In the work of Reed et al., a test system for detecting Zika virus using isothermal amplification by the NASBA method in combination with a deoxyribozyme cascade, with a color-change result, was presented; the entire duration of the test takes about 2 h [
23]. Due to the amplification and application of DNAzymes, the sensitivity reached ~10
6 copies/mL viral RNA; this correlates with viral RNA levels of 7 × 10
6–9 × 10
8 copies/mL in the blood of symptomatic patients. Among the disadvantages noted by the authors of the article themselves, a thermostat is needed to conduct the test, the NASBA reaction proceeds at 41 °C, and for the deoxyribozymes to work a temperature of 50 °C is required. They also note that, in the current test format, signal generation is suppressed by the NASBA buffer components if more than 10% of the mixture is used.
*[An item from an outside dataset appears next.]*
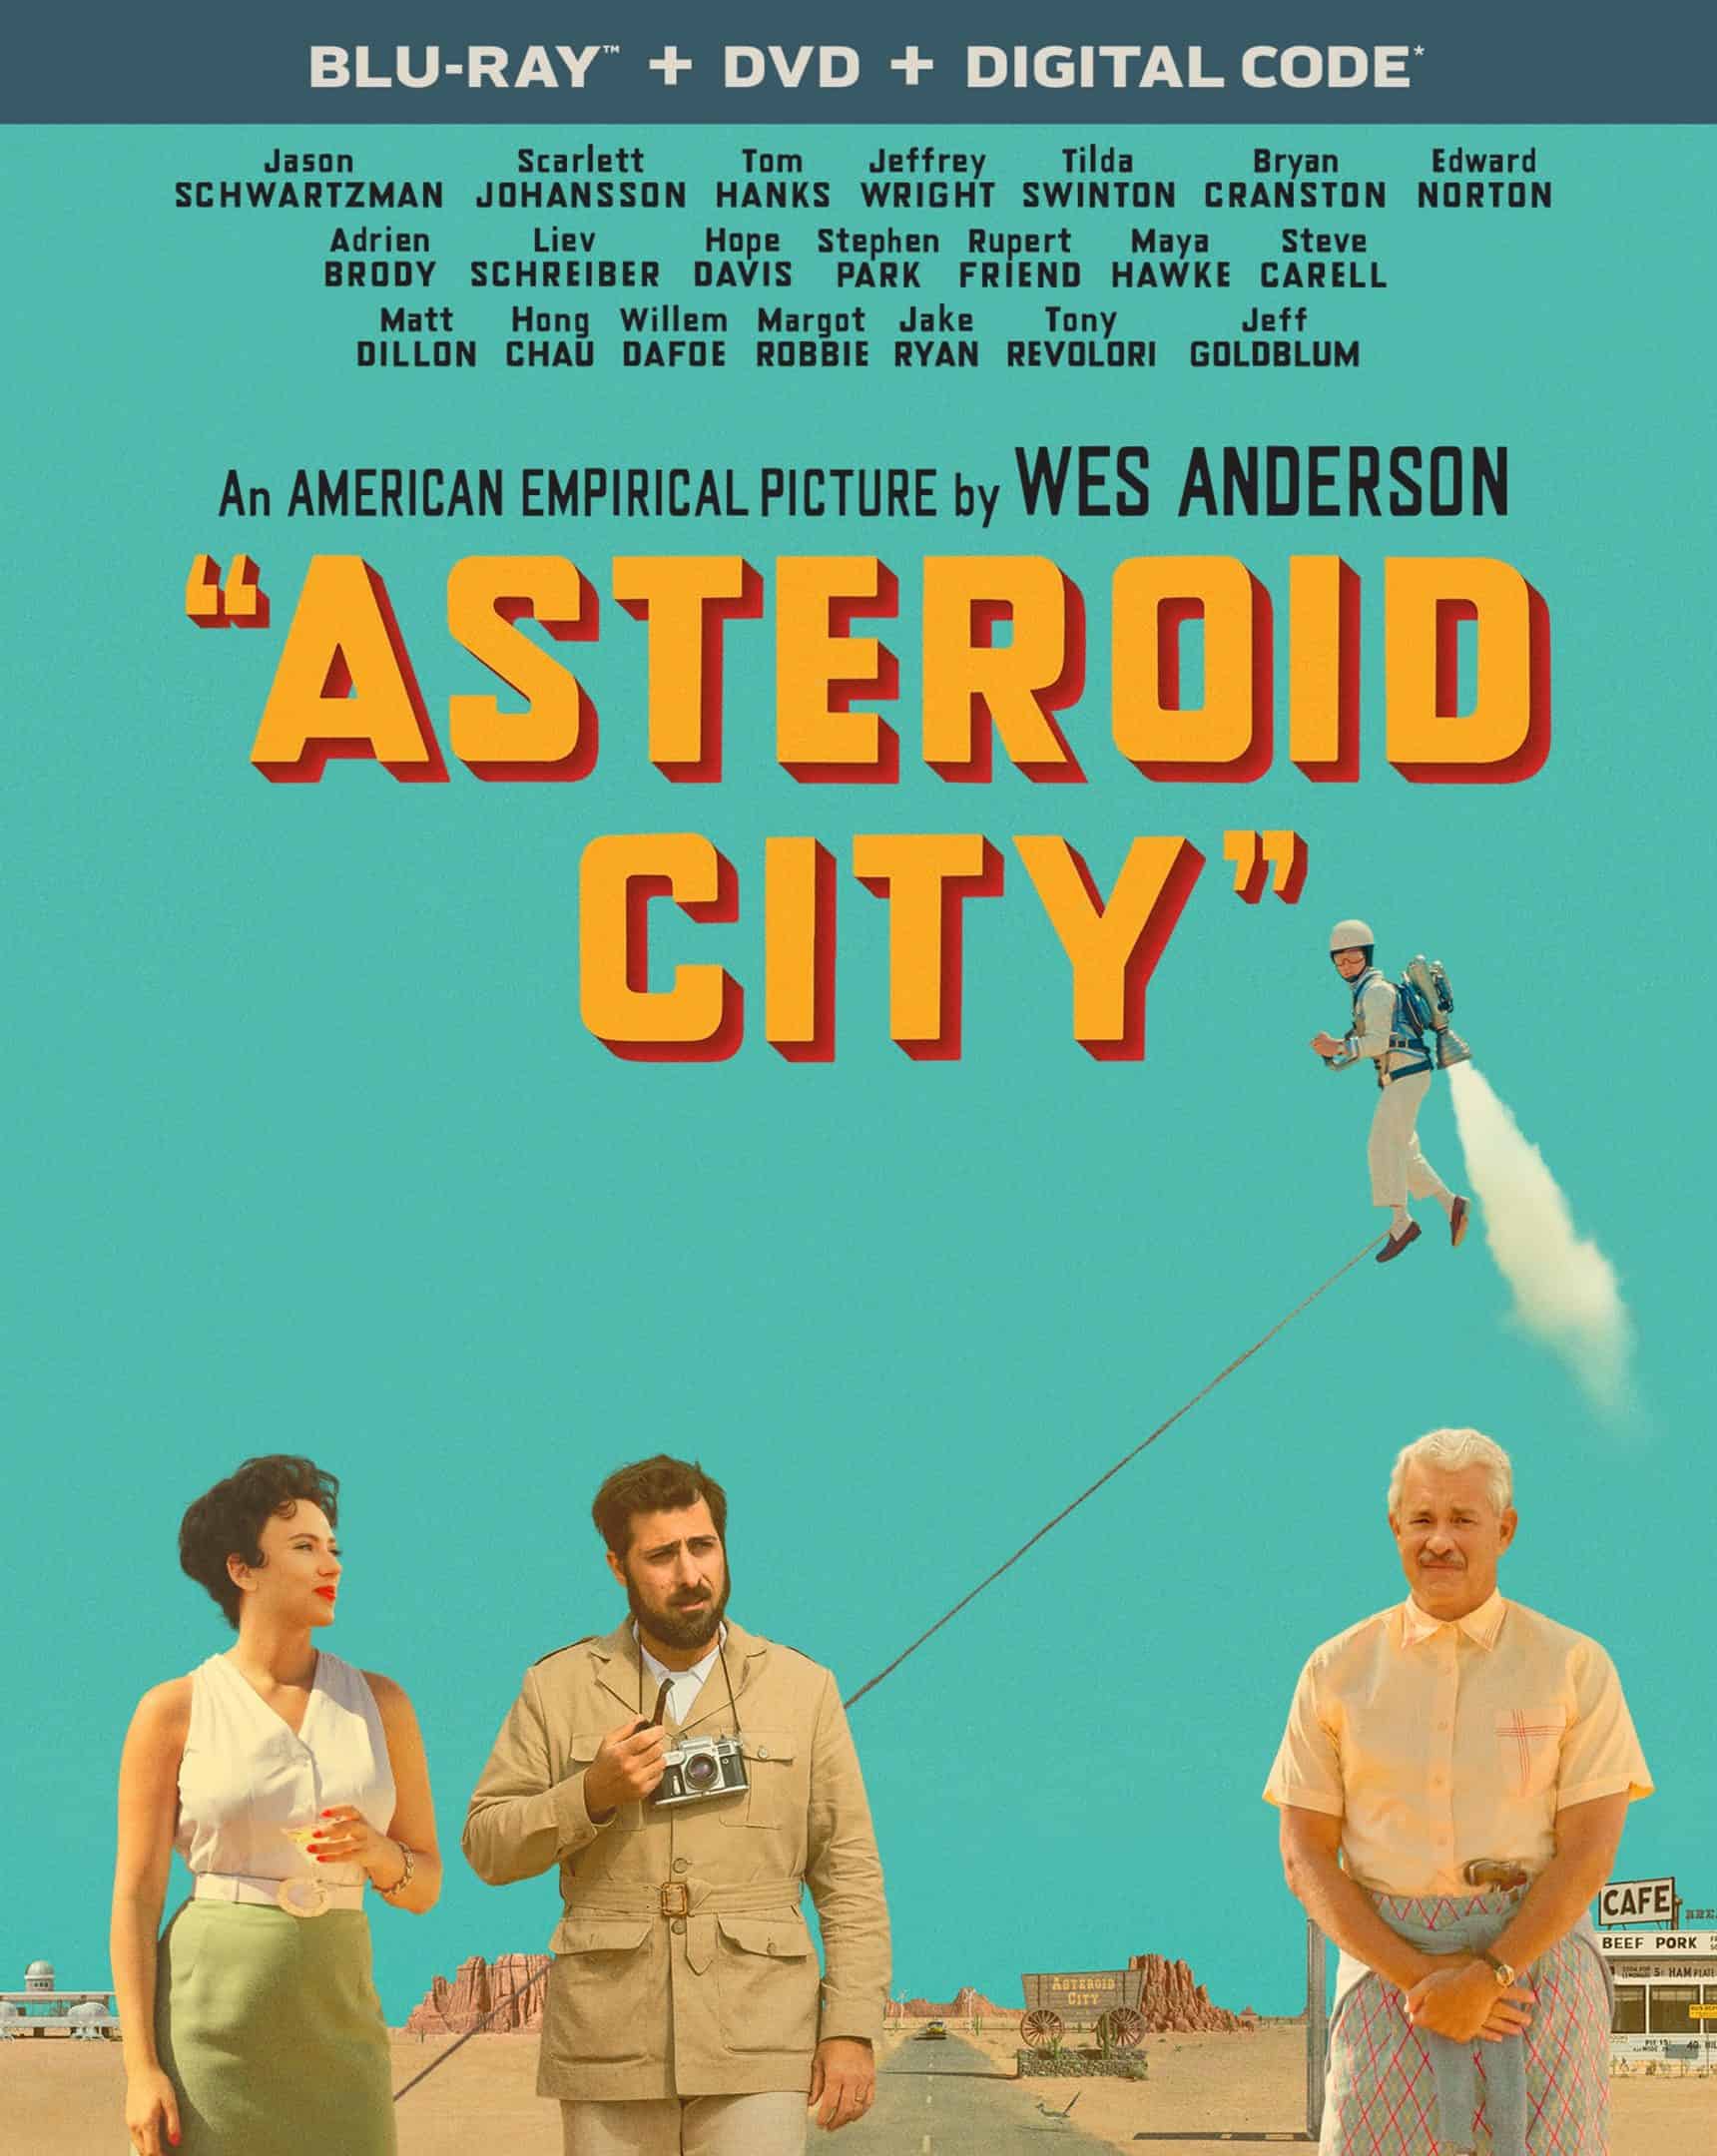 Star-Studded Comedy ASTEROID CITY with Jason Schwartzman, Scarlett  Johansson, and Tom Hanks Arrives on Digital August 11 and on Blu-ray/DVD  August 15

In the future, the creation of a four-stage detection system is planned. It will consist of sequential reactions, proceed at 37 °C, and include reverse transcription, isothermal amplification (RPA and transcriptions) and direct detection by Dz_NiVs. The convenience of this biosensor model is due to the same catalytic core being used for each target, while the nucleotide binding sequences of the DNAzyme (arms) can be easily modified to suit a panel of fluorescent substrates or target sequences. We are also aiming to develop a biosensor design which will be appropriate for the differential detection of two closely related viruses, Nipah and Hendra, with similar distribution regions and disease symptoms, in one test tube. This can be achieved by creating individual fluorescent substrates for Nipah and for Hendra virus detection, labeled with different fluorophore–quencher pairs. At the same time, the DNAzyme arm sequences will also be modified for complementary recognition of target RNAs. Using an isothermal fluorescence reader with three detection channels (FAM, HEX and ROX), we may detect both Nipah and Hendra virus RNA in parallel at the same time. This test, which can detect co-infection, will be useful because these cases may require different treatment regimens and adjustments to monitor the spread of the viruses.
5. Conclusions
In this work, an inexpensive, high-precision, fast biosensor based on deoxyribozyme 10–23 was constructed for the detection of the Nipah virus. In the presence of Nipah virus RNA and magnesium ions, the DNAzyme catalytic core is assembled, which cleaves the hairpin substrate labeled with a fluorophore and a quencher, due to which the fluorophore is released into the solution. To obtain a detection result, 20 min is enough, and the incubation takes place at 37 °C, which is important for analysis in the field. The biosensor requires pre-assembly, but it has been shown that it can be stored at −20 °C and subjected to three freeze–thaw cycles without loss of catalytic activity, which will be important in creating a test system with pre-amplification and detection steps and transferring it to usage. In the future, we plan to optimize the DzNiV biosensor for the detection of Nipah viral RNA in clinical samples. Biological samples may contain insufficient numbers of virus copies for detection by the Dz_Niv biosensor, so the developed test system will include the following steps: reverse transcription, amplification, transcription and detection.